■ WHAT IS BEING ASKED: Below are records with pictures in them. Output exactly the lines from the one with "07.11.2013, bereitet New" through the one with "Zodiac Stamped Pendant", both included, and leave every picture out; give only those lines.

■ SOURCE MATERIAL:
........

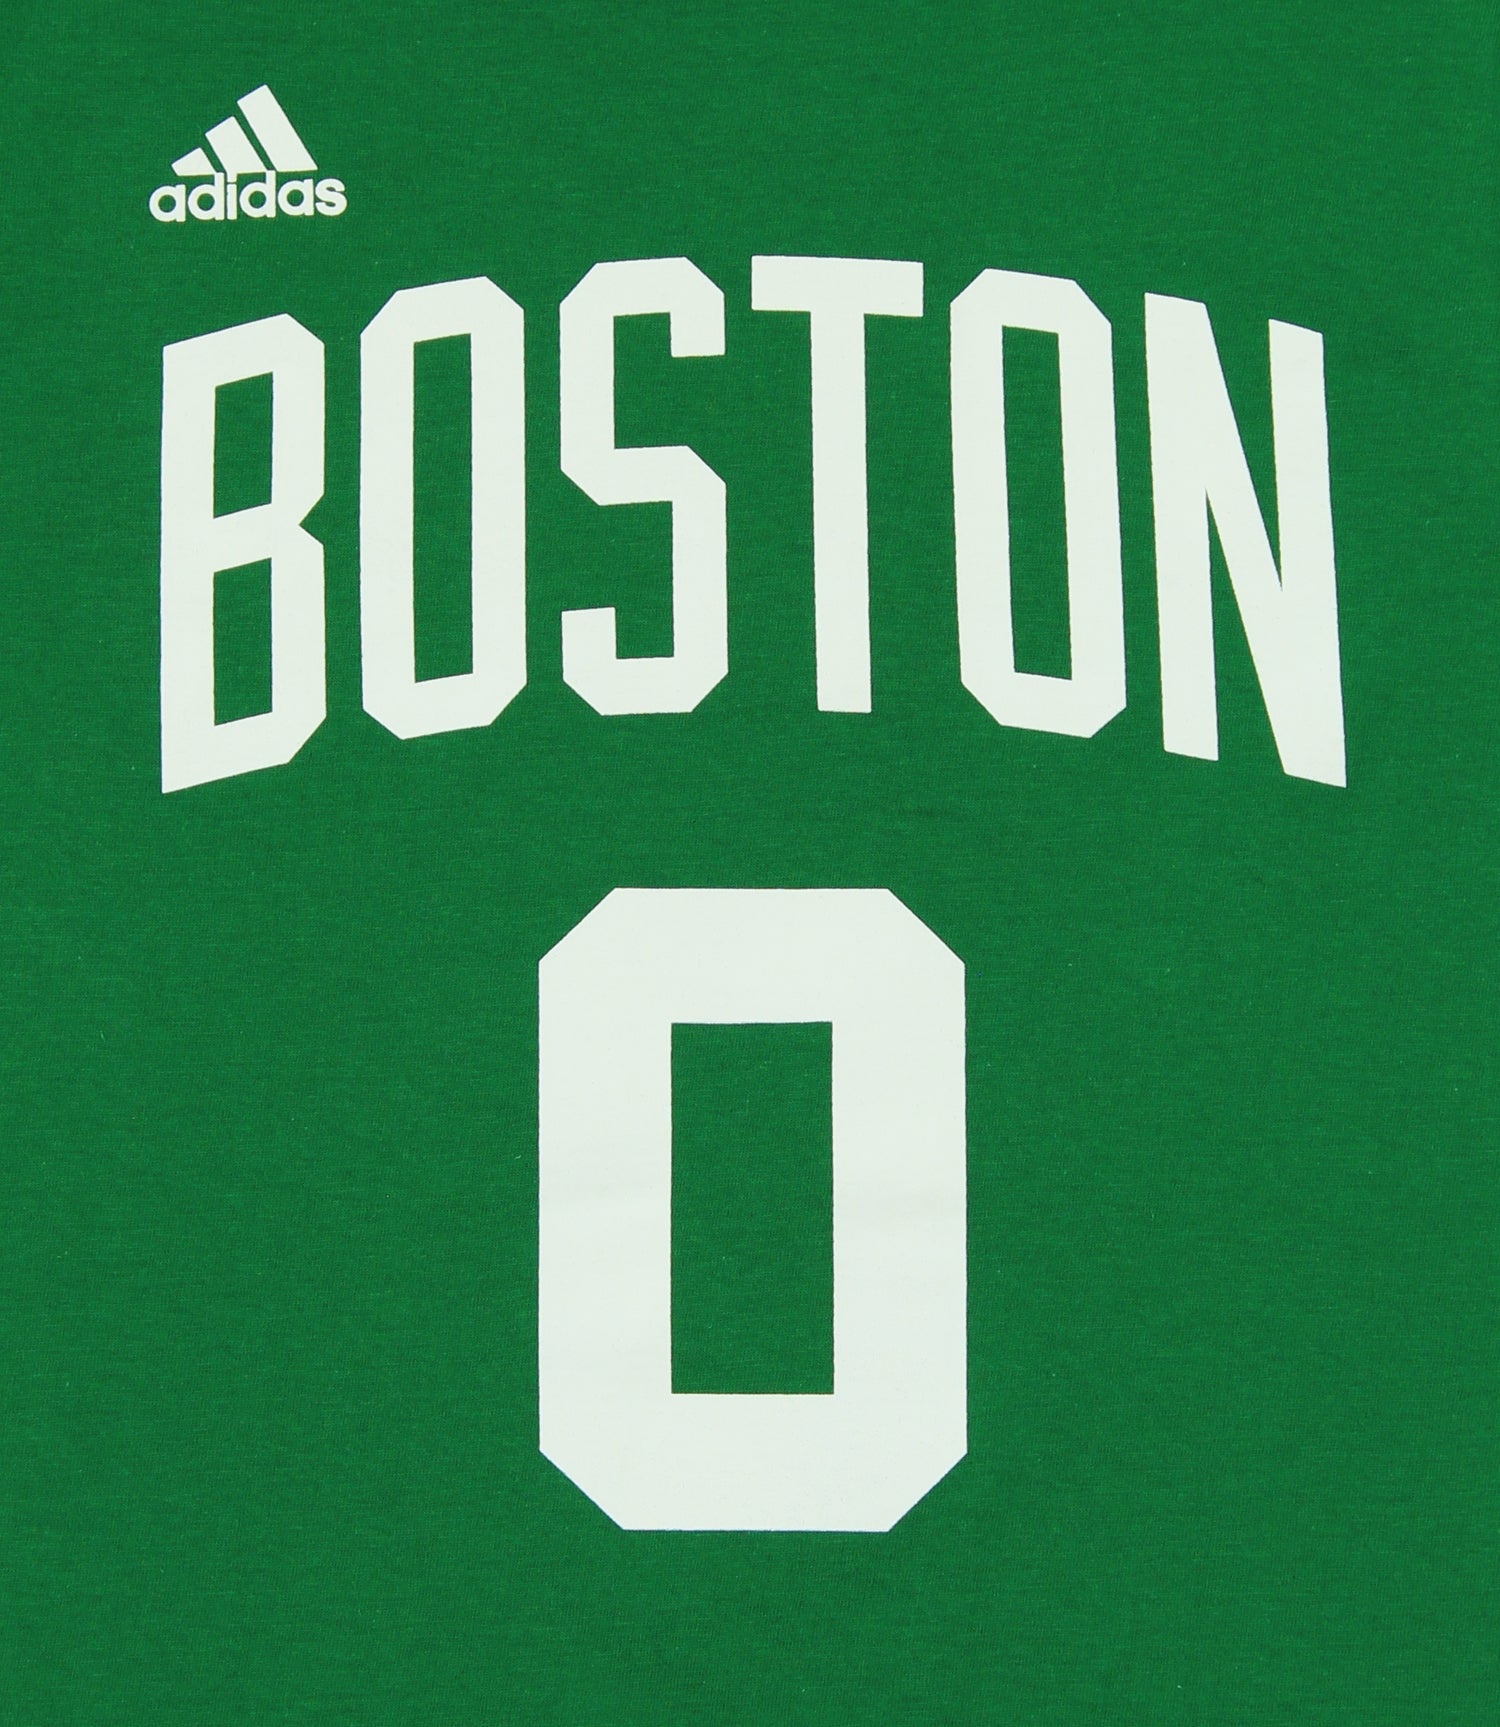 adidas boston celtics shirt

........

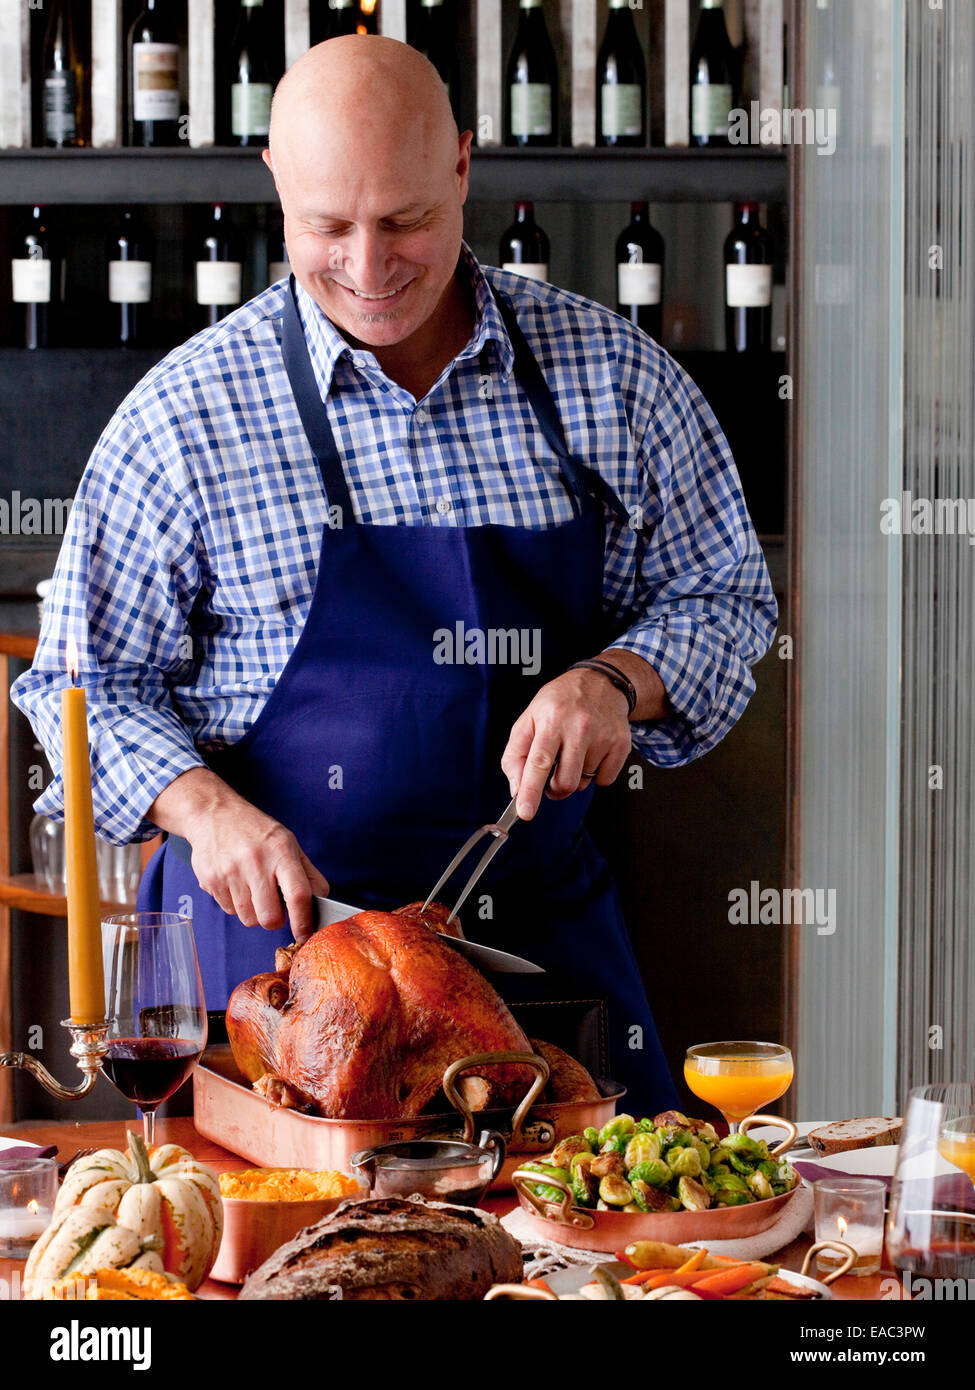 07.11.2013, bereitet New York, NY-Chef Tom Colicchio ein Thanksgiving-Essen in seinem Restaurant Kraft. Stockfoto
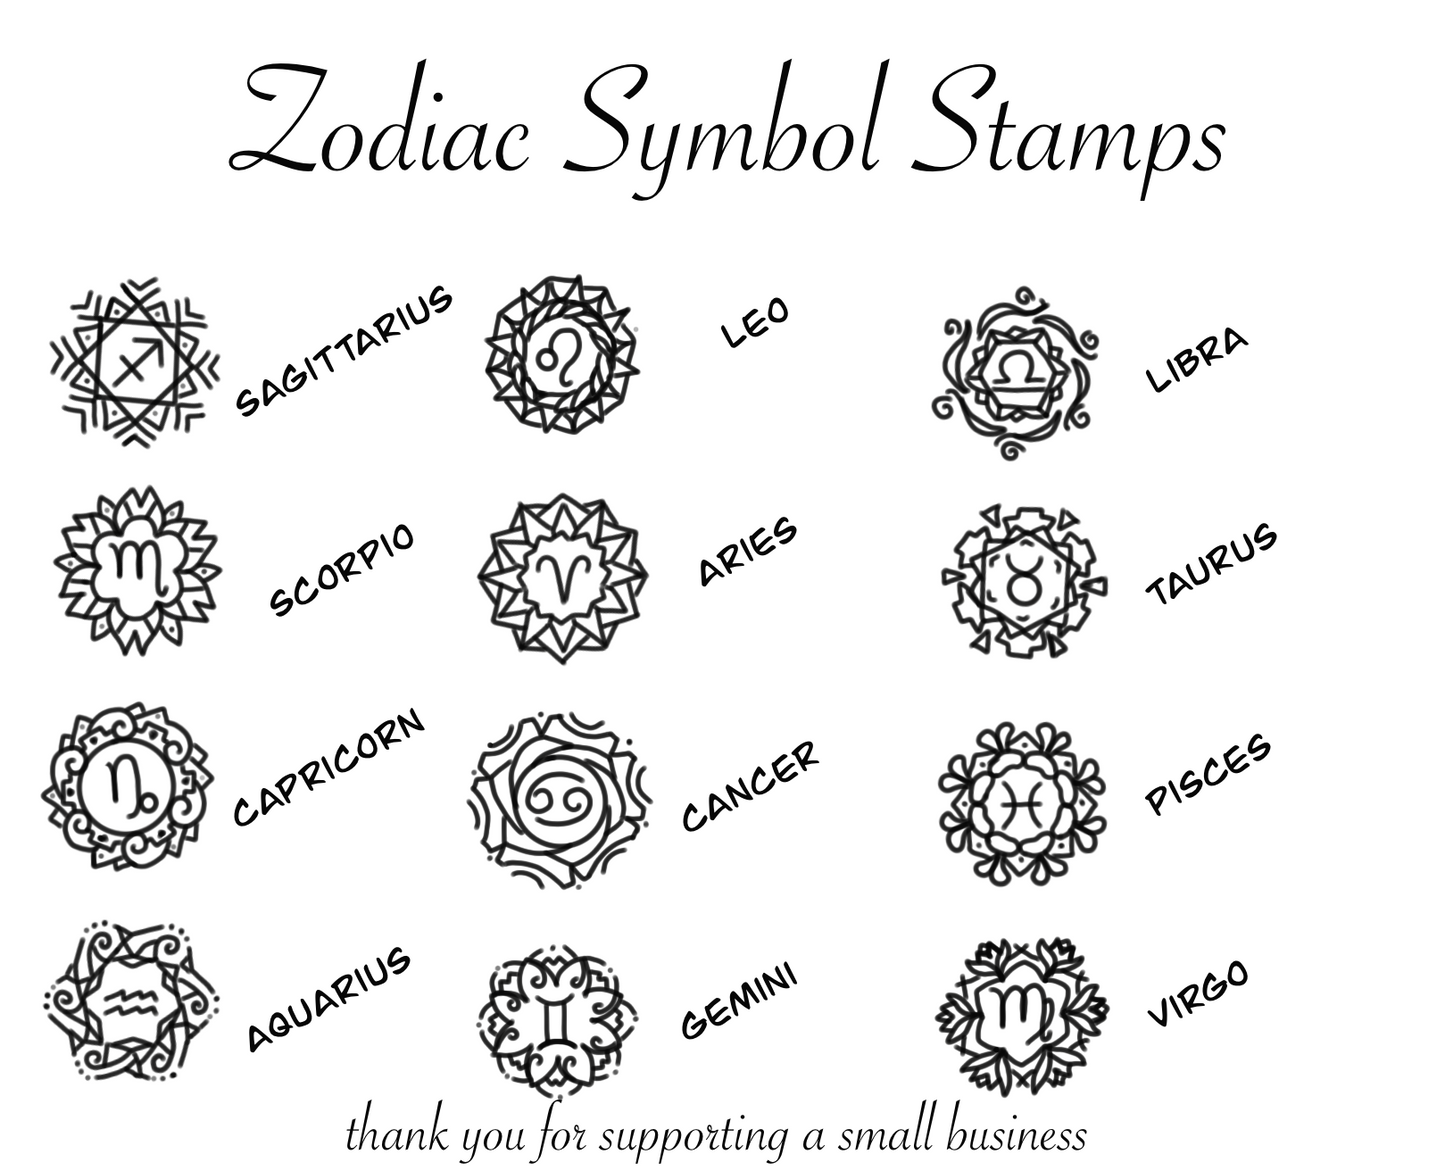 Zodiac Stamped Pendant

........

■ EXERCISE RESPONSE:
 07.11.2013, bereitet New York, NY-Chef Tom Colicchio ein Thanksgiving-Essen in seinem Restaurant Kraft. Stockfoto
 Zodiac Stamped Pendant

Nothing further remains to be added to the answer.